Мне даже казалось, что я заново привыкаю к своему имени. Нечасто произносимое отцом, оно медленно ко мне прилипает, обволакивает меня. И я попадаю в зону, откуда давно уехал. Материализуюсь наново. Будто сам себя наращиваю. А отец, наоборот, из реального человека, о каковом мне все время думалось раньше, становится невещественным, неким поводом, и к нему я должен был приложить тогда свои чувства, а теперь – их итог, превратившийся в воспоминания. Возможно ли это?
Мне кажется, что все легко просачивалось сквозь его тело.
Ведь сгорев, став пеплом, он превратился в сокровенную драгоценность. Чья непомерная роскошь, наконец, заключена в безвластии надо мной.
Ведь оставив меня, он обратил и меня в ветошь. Вся моя память, все мои изжитые чувства будут всегда казаться мне ветхими. И всю свою жизнь мне придется доказывать самому себе, что я нахожусь не в зоне кажимостей.
И только теперь, через свою пассивность, – смогу, наконец, обрести над ним власть и силу, которых как бы и нет, так как они отсрочены.
Его новая жена нигде не работала. Да и где ей работать в военном городке. И она все время что-то делала по маленькому, но переусложненному хозяйству, мчась по сияющим половицам, мимо меня, скользя на подошвах толстых носков, простодушно улыбаясь, смотря чуть вбок, и почти не разговаривая со мной. «Ну, читай, читай книжку. Интересно, наверное? Ну, погуляй, погуляй, подыши, да не дерись ни с кем».
Мне думалось, что она легко и незлобиво претерпевает меня в их доме, как непонятный след, оставленный моим отцом в неведомом ей прошлом. Она искоса всматривалась в меня, словно таким образом хотела постичь его. Так казалось мне тогда в каком-то истовом самозабвении.
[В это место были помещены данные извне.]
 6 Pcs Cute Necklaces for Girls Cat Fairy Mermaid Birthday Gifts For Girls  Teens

Ведь все было ровно наоборот.
Мне чудилось, что слепо соболезнуя отцу, она заодно терпит и жалеет меня.
В доме царствует соблазн возобновляемого порядка. Но надо всем висит легкая тревога. Она восстает из многих звуков: шипения разгоряченного утюга (а она все время гладит и наглаживает), из свиста синего газа (а она все время что-то стряпает), из легчайшего шороха мышей в клетке (когда она проходит вблизи клетки), из утробного бульканья выварки (она ведь все время кипятит белье или одежду).
Может, эта женщина так доказывает свою неотменяемость в отцовской жизни? Может, она снова и снова должна выслуживать его одобрение, на которое он уже и не способен?
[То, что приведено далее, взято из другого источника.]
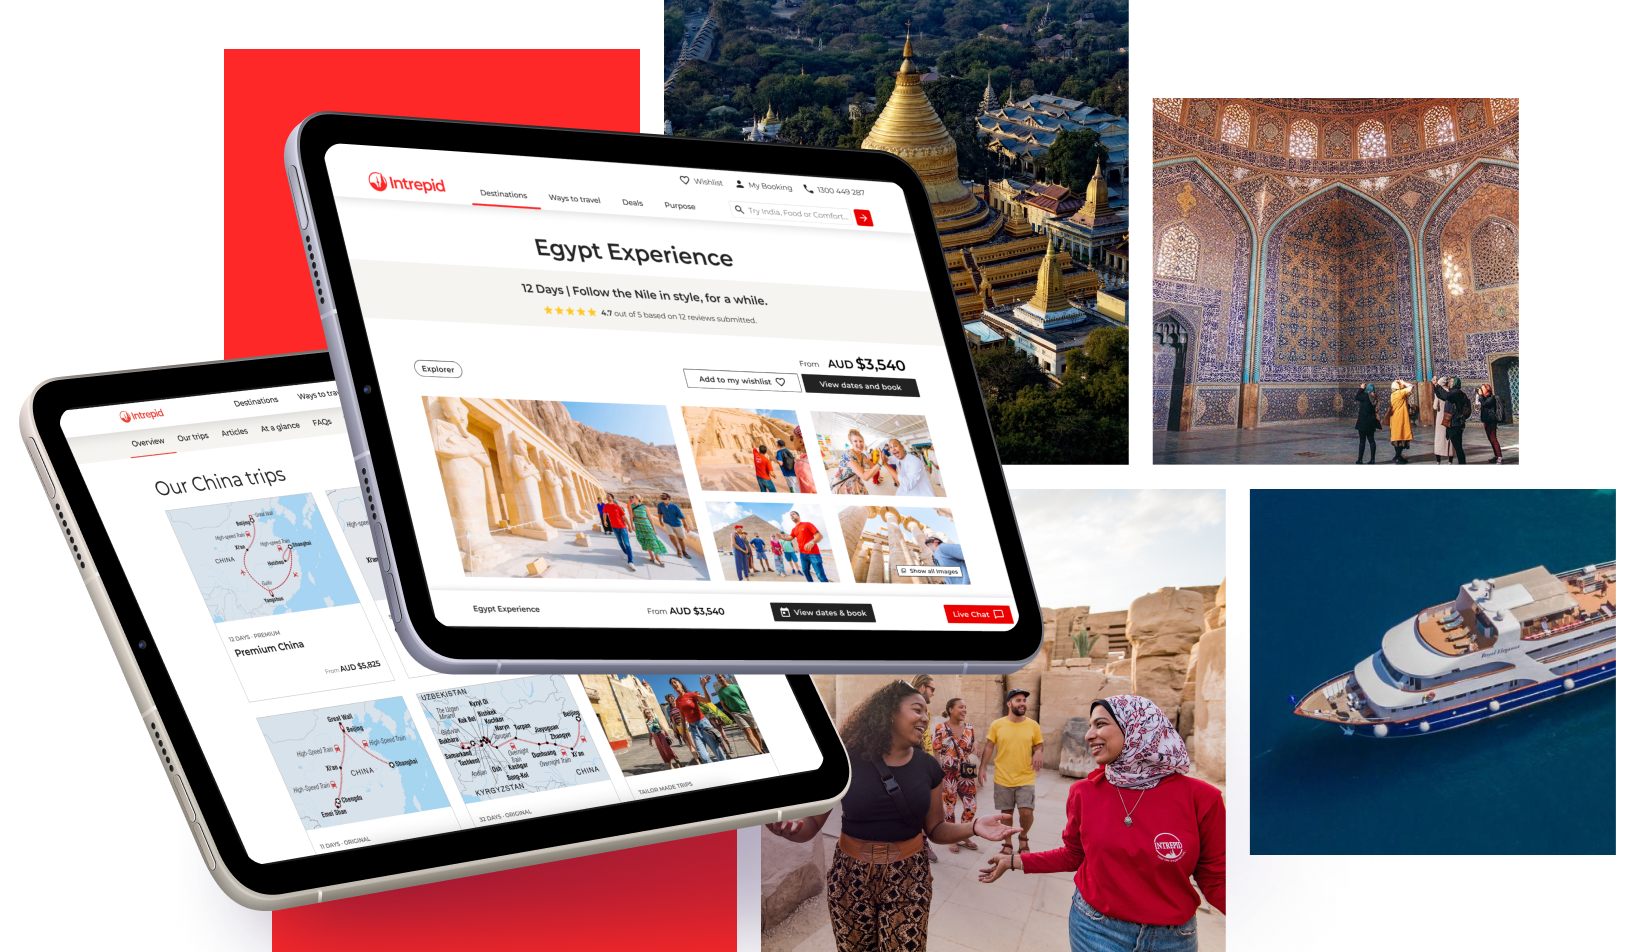 Transforming content through a headless CMS for an international travel company

Ее профиль навсегда соединен с блестящей подошвой утюга. Она смотрится в его смутную зеркальную изнанку. Заглядывает в кастрюлю, чью большую крышку приподнимает с шумом. Может тоже хочет найти там свое волшебное отражение?
Мне ведь совсем не хочется писать о том, что она была одноглазой. Лучше бы и не заметить этого вовсе. Чтобы легче было жить моему отцу. Чтобы мне было легче думать о том, что ему легче жить с такой женщиной.
Мне приходилось старательно делать вид, что не замечаю ее изъяна. И, может быть, поэтому всегда выдавал свои подозренья. Ведь я глядел в ее живую глазницу, но так старательно и пристально, что, не выдерживая моего взора, она всегда заметно терялась, отворачивалась, но не в ту, здоровую сторону, а подставлялась своим неживым чуть замутненным оком. С всегда прилипшими несколькими ресничками, чуть подтягивавшими или чуть выворачивающими ее веко. Обычно они прилипали во второй половине дня, уже под вечер, перед приходом отца.